In my experience, the techniques one applies to studying one protein can also be applied to the others, which is why I study a range of druggable proteins from several human NTD and ESKAPE pathogens simultaneously. For example, my students and I are examining the nicotinate-nucleotide adenylyltransferaseenzyme which is important in the redox metabolism in both klebsiella pneumonia and Enterococcus faecium. Klebsiella pneumonia is a Gram-negative bacterium resistant to multiple drugs and increasingly resistant to most available antibiotics (it has a thin cell wall surrounded by a protective cell membrane which makes it harder for antibodies to penetrate). In health care settings, patients who require devices like ventilators or intravenous catheters, and patients who are taking long courses of certain antibiotics are most at risk for Klebsiella infections.
The Gram-positive Enterococcus faecium is a human pathogen that causes nosocomial bacteremia, surgical wound infection, endocarditis, and urinary tract infections (it has thick cell walls but no outer membrane). Studying both simultaneously has led to us noticing that the Gram-negative function of the nicotinamide adenine transferase enzyme performs differently from the Gram-positive function of the same enzyme which is exciting because this enables us to infer structural and functional differences between this enzymes from different bacteria that are supposed to perform similar activities in these bacterial pathogens. This has serious implication in the design of a broad-spectrum antibiotics that will target this enzyme in different organisms.
The process of solving protein structures – systematic integration of multi-facted ‘new generation’ theoretical and empirical studies
The approaches we use in the research outlined above are multi-faceted and multi-disciplinary involving the integration of sophisticated ‘new generation’ theoretical and empirical studies and, as already indicated, a range of cutting-edge equipment. To design drugs against disease pathogens, the three-dimensional architecture of the druggable protein is needed. Druggable proteins are proteins that are key to the survival of the pathogen which enables it to replicate inside the human host, either intracellularly or extracellularly. In the case of bacteria, for example, they need to manufacture their own energy and without the enzyme (protein) that makes this possible, the bacteria would not survive. Therefore, if we know the protein’s DNA sequence, we should be able to predict that we can synthesis this protein and develop the druggable target.
To elucidate the crystal structure of these druggable proteins it is possible to use home X-ray sources. Ultimately, however, there is a major advantage of using a powerful synchrotron light source like Diamond over most home X-ray sources because the amount of inferences made from a protein crystal with resolutions in the range of 1.3 – 1.7 Å is unprecedented. Such crystals can be further studied using computational algorithms and can also serve as models for replacement when solving the crystal structure of a protein that is very similar in structure.
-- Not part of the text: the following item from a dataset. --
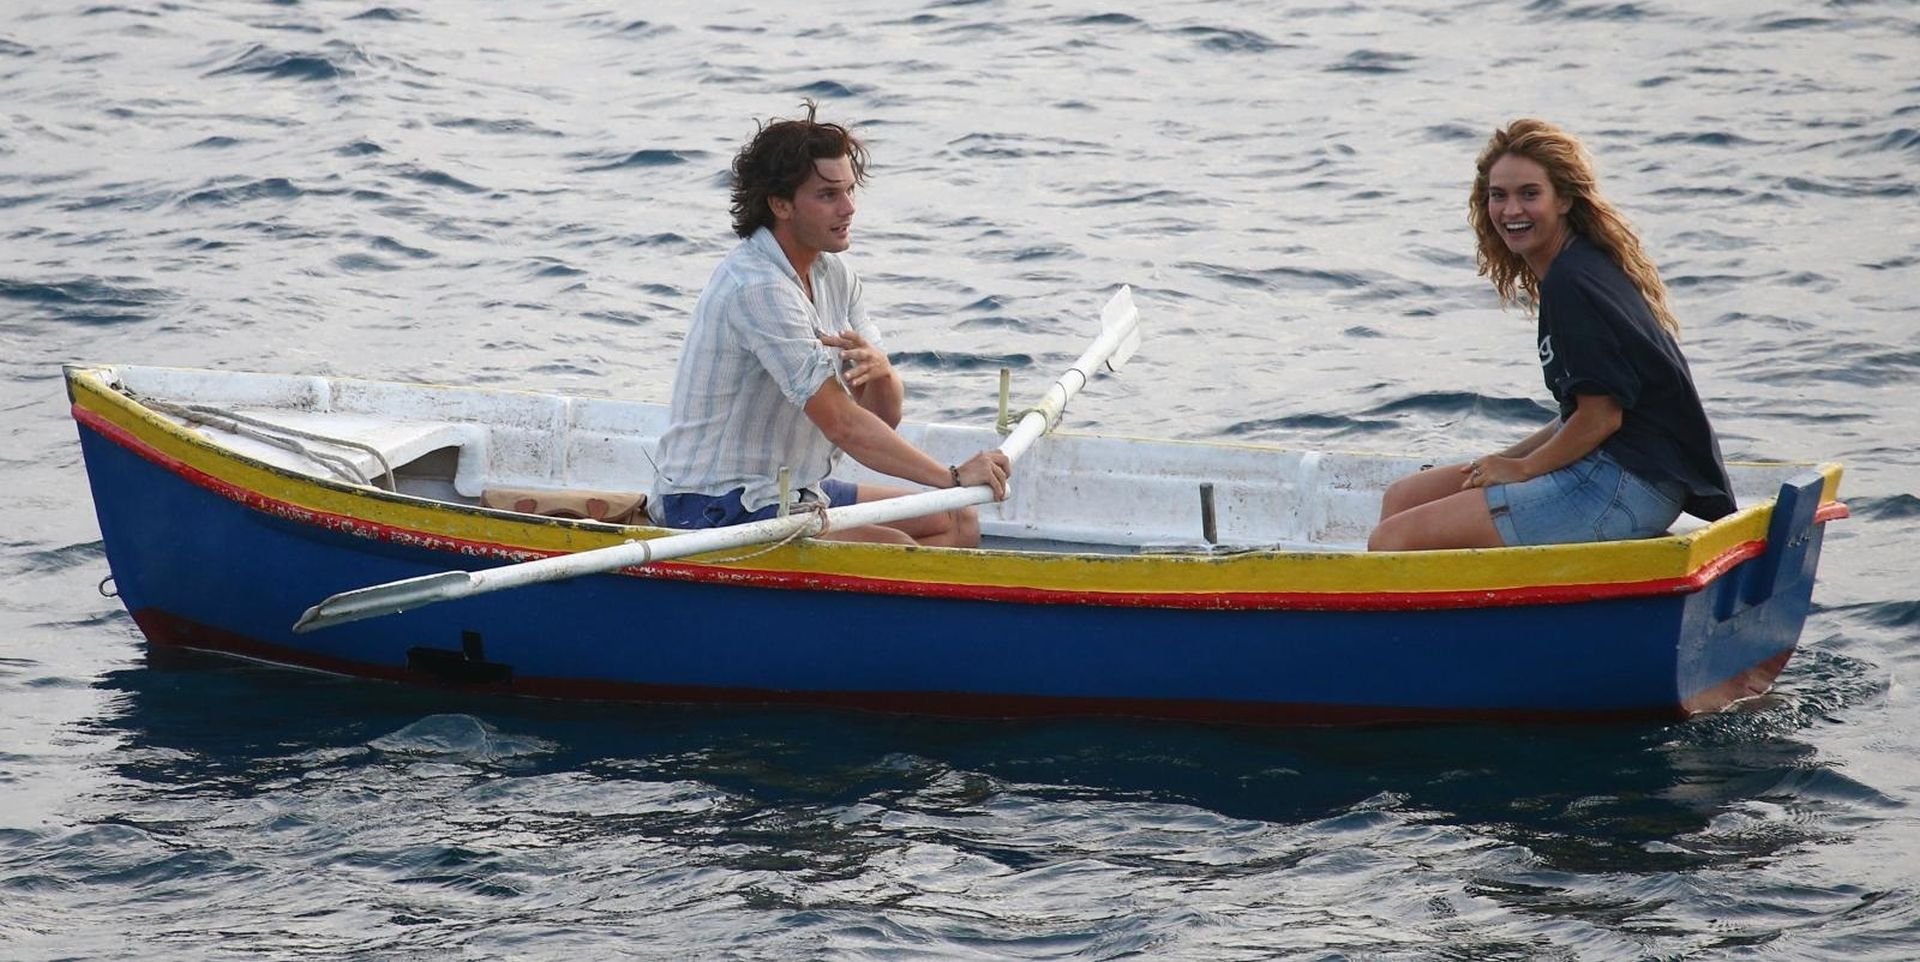 12.09.2017, otok Vis - Zapocelo je snimanje hollywoodskog filma Mamma Mia 2. Snimanje scene na moru. Photo: Zeljko Lukunic/PIXSELL

In order to generate the recombinant proteins that are druggable targets, we need large amounts of these proteins. For this we use E. coli bacteria like a factory to synthesize our target proteins and carry out a rigorous ‘quality assurance’ process to ensure the proteins we make are pure, stable and homogenous for successful crystallisation experiments. If the protein is an enzyme, it should be able to catalyze the same function it does naturally in an organism (in vivo), inside a test tube (in vitro), which means that whatever we send off to Diamond for X-ray diffraction experiments, we need to be sure that the biological function is intact. To do this, the proteins are assayed (measured) for catalytic activity in vitro (if they are enzymes) and are further characterised using several biophysical techniques to test their structure and the function to the point we are satisfied that the proteins are active, properly folded and can perform the function they are supposed to perform properly (biological activity is maintained).
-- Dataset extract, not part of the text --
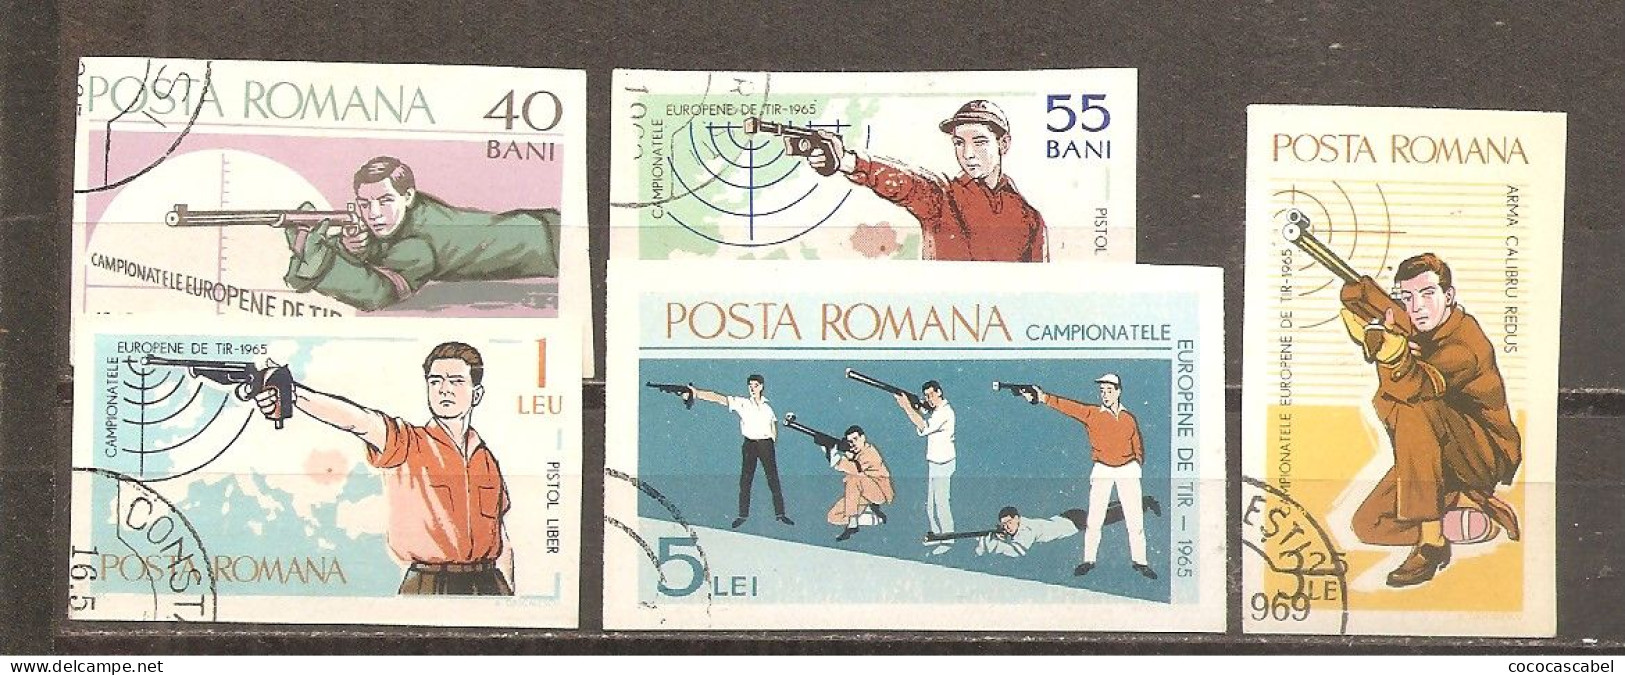 Rumanía Yvert Nº 2131A-C, 2131E-F (usado) (o) - Used Stamps

We purify the proteins to homogeneity using an ensemble of protein chromatography techniques. For ‘quality assurance’, we check the secondary structure content (Far-UV circular dichroism), the tertiary structure (intrinsic and extrinsic fluorescence spectroscopy); and the quaternary structure (using size exclusion HPLC). Every physical interaction between two biomolecules generates heat or absorbs heat as part of the function of the protein to interact with another molecule (molecular recognition). Therefore, to estimate the thermodynamics of protein-ligand interaction (interaction ability), we use isothermal titration calorimetry.
Once we are satisfied that the proteins are of good quality and quantity, we begin protein crystallisation. I like to use the analogy that structural biologists are akin to photographers and using X-ray diffraction is like taking a snapshot of the protein which has been forced to assemble as repeating units in a crystalline form. There are several approaches we use. We can either conduct crystallisation manually, or we can do it robotically using our in-house Douglas Instrument Oryx 8 crystallography robot for high throughput protein crystallisation.
To solve the protein structure – sometimes in complex with potential drugs – X-ray light is invaluable. However, X-rays have very short wavelengths and if you keep bombarding a protein crystal with X-rays, it will heat it up and gradually fall apart because of X-ray damage. By changing the protein from solution to a crystal, and then embedding it in a liquid able to resist the intense bombardment of X-ray (cryo-protection) by freezing it at the temperature of liquid nitrogen (-196 degrees Celsius), the sample stays stable and the X-rays will last 100x longer in the X-ray beam! Our crystal samples are therefore sent to Diamond in special containers which keep the samples crystals frozen. GCRF START makes it very easy to ship our crystals to the UK without lots of red tape. We use DHL and we have an easy system which means it only takes a few days to get to Diamond ready for the experiments; the GCRF START grant helps this process at no cost to us.
We can use an X-ray diffractometer such as a small in-house diffractometer to solve the protein structure, or the ultimate technique for X-ray crystallography – a massive synchrotron like Diamond! Diamond’s I03 and I04 beamlines are used to fire X-rays onto our crystal samples. The X-ray will be scattered based on the structure of the protein/molecule (X-ray diffraction). Then, using mathematical modelling and other techniques, the 3D structure of the protein is resolved, either on its own or in a complex with a drug or other biomolecules such as DNA.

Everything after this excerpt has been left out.